Mr. Liu died Monday of colon cancer in New Brunswick, N.J., said Cecilia Alvear, who was a Nieman Fellow with Liu at Harvard University.

Then China’s most prominent journalist, Mr. Liu was in Boston participating in the Nieman program for writers when the bloody confrontation between students and the Chinese government occurred.

Communist leaders, frequently at odds with Mr. Liu over his critical writing, seized on the uprising to bar his return to China and force him into exile.

In 1990, Mr. Liu published the autobiographical “A Higher Kind of Loyalty,” based on a 1985 article of the same title. “There are two kinds of loyalties in this world,” he wrote. “One is exposed to risks, while the other is safe.”

But the work that established Mr. Liu as an internationally respected writer was “People or Monsters,” first published in 1979.
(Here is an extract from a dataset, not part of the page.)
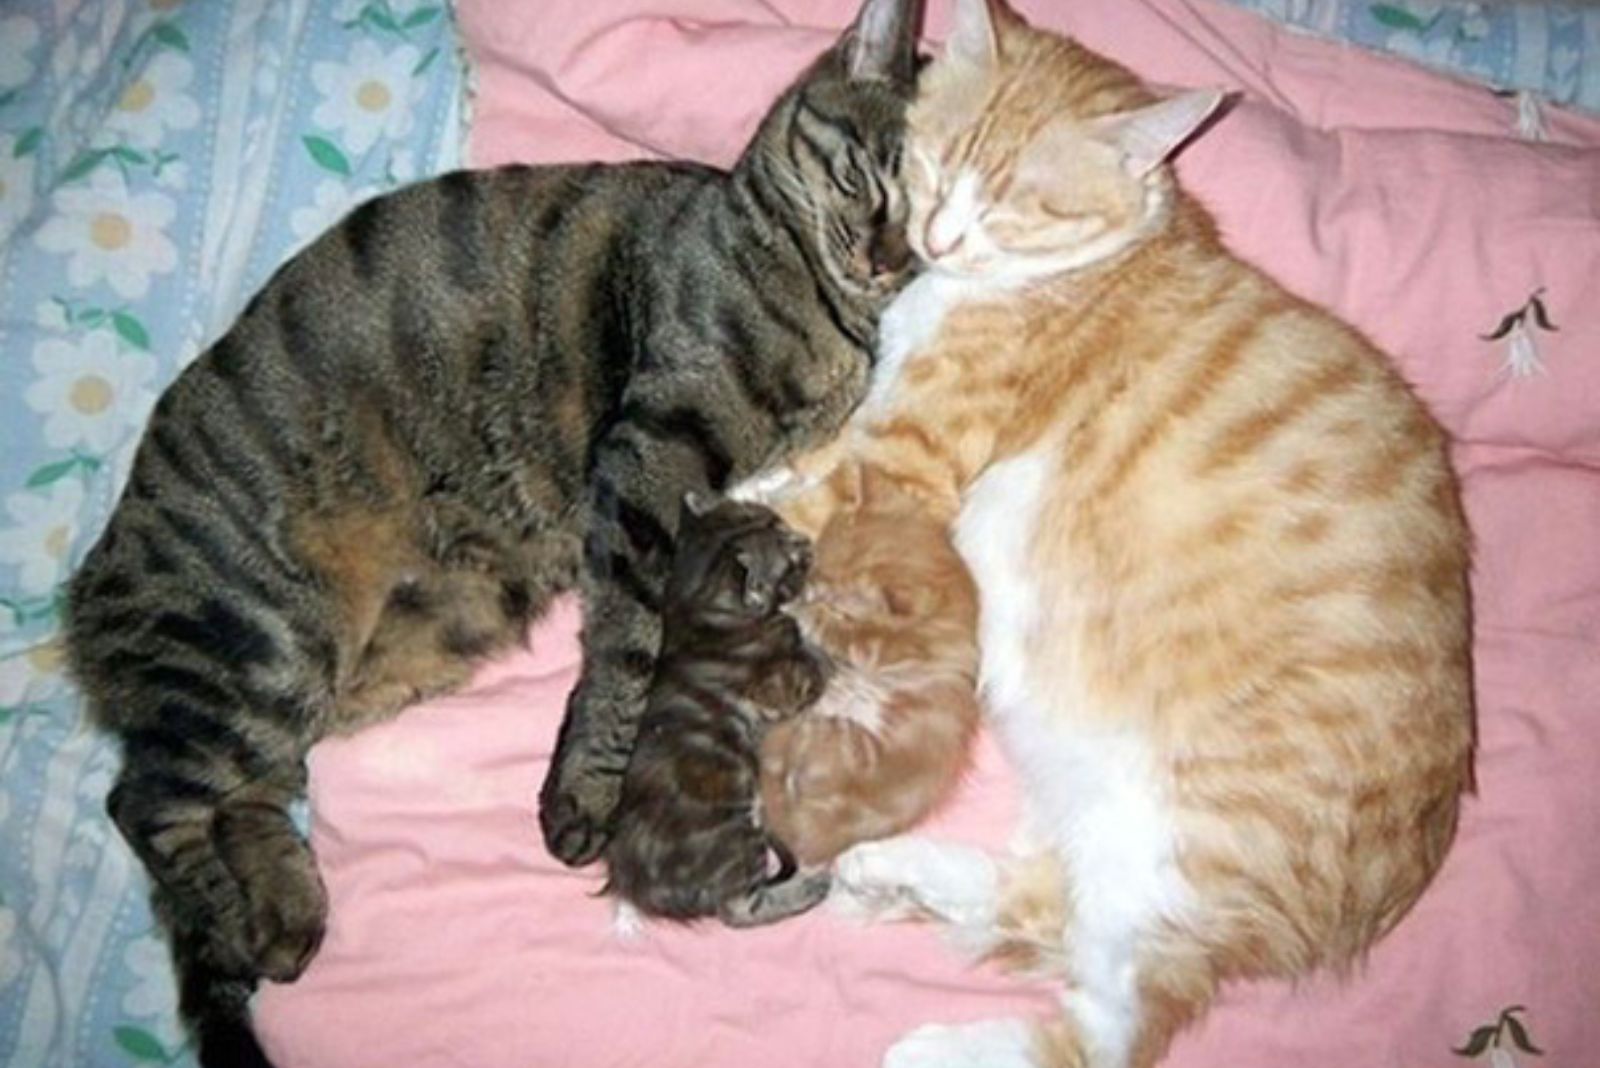 Two cats and two kittens
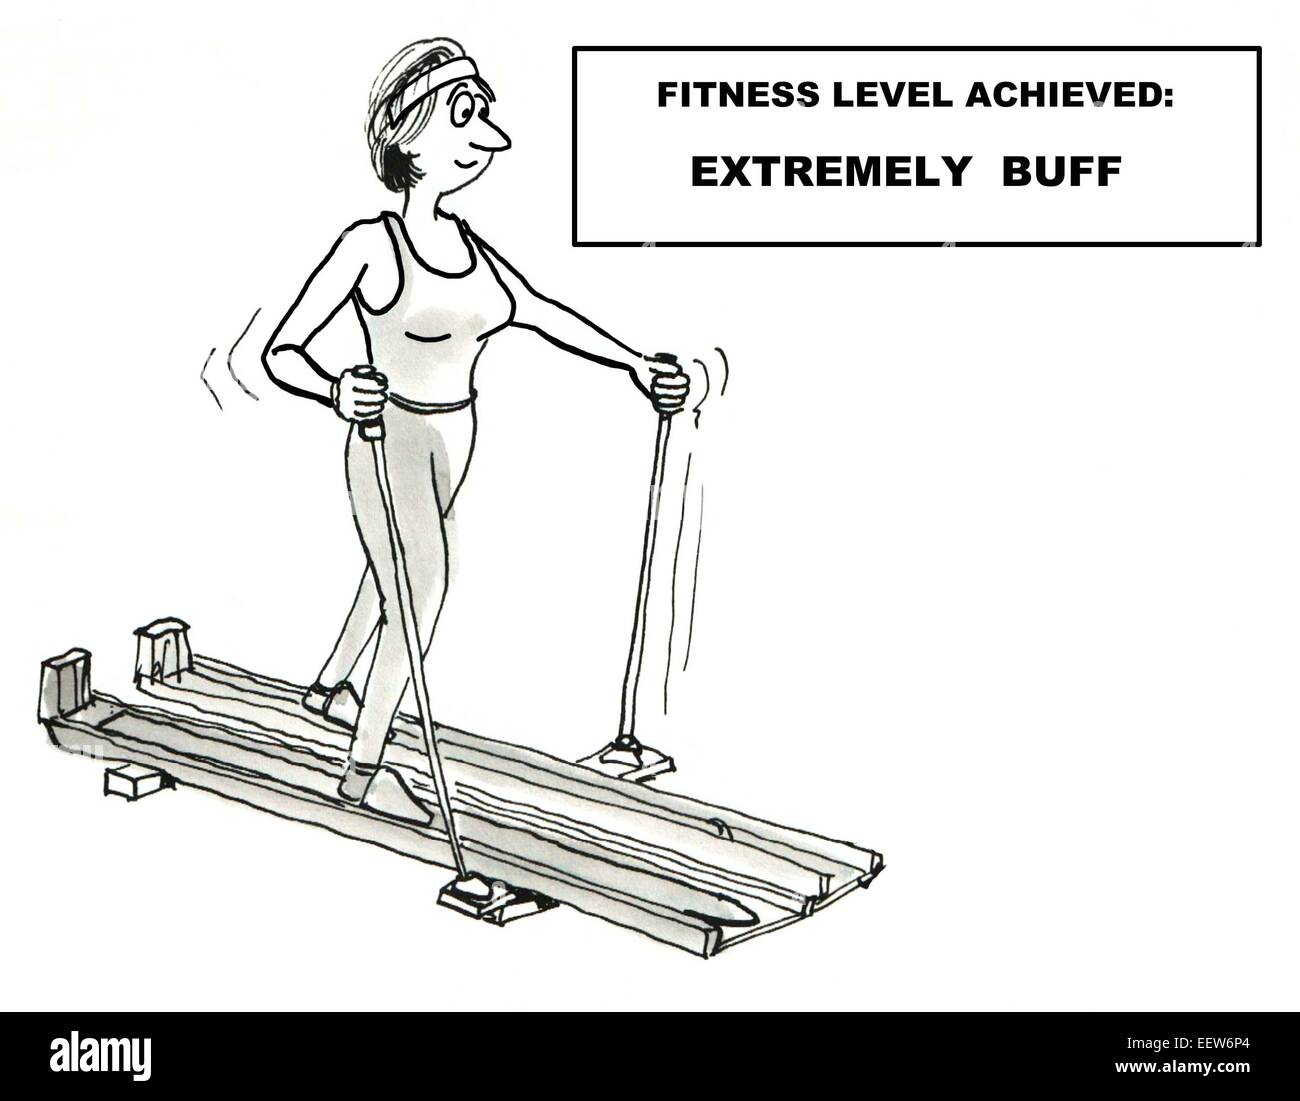 Cartoon of a woman exercising who it very fit and buff Stock Photo

Blending the technique of the novelist with the subject matter of the muckraking reporter, “People or Monsters” was a carefully researched expose of a corrupt cashier who becomes an oppressive party leader in northeastern China. The piece helped make Mr. Liu one of China’s best-known and most admired writers and earned him the nickname “Liu the Just.”

Mr. Liu, who taught himself to read English, Japanese and Russian, went on to write a series of novel-length works criticizing systemic local corruption within the Communist Party and the party’s insistence on absolute obedience.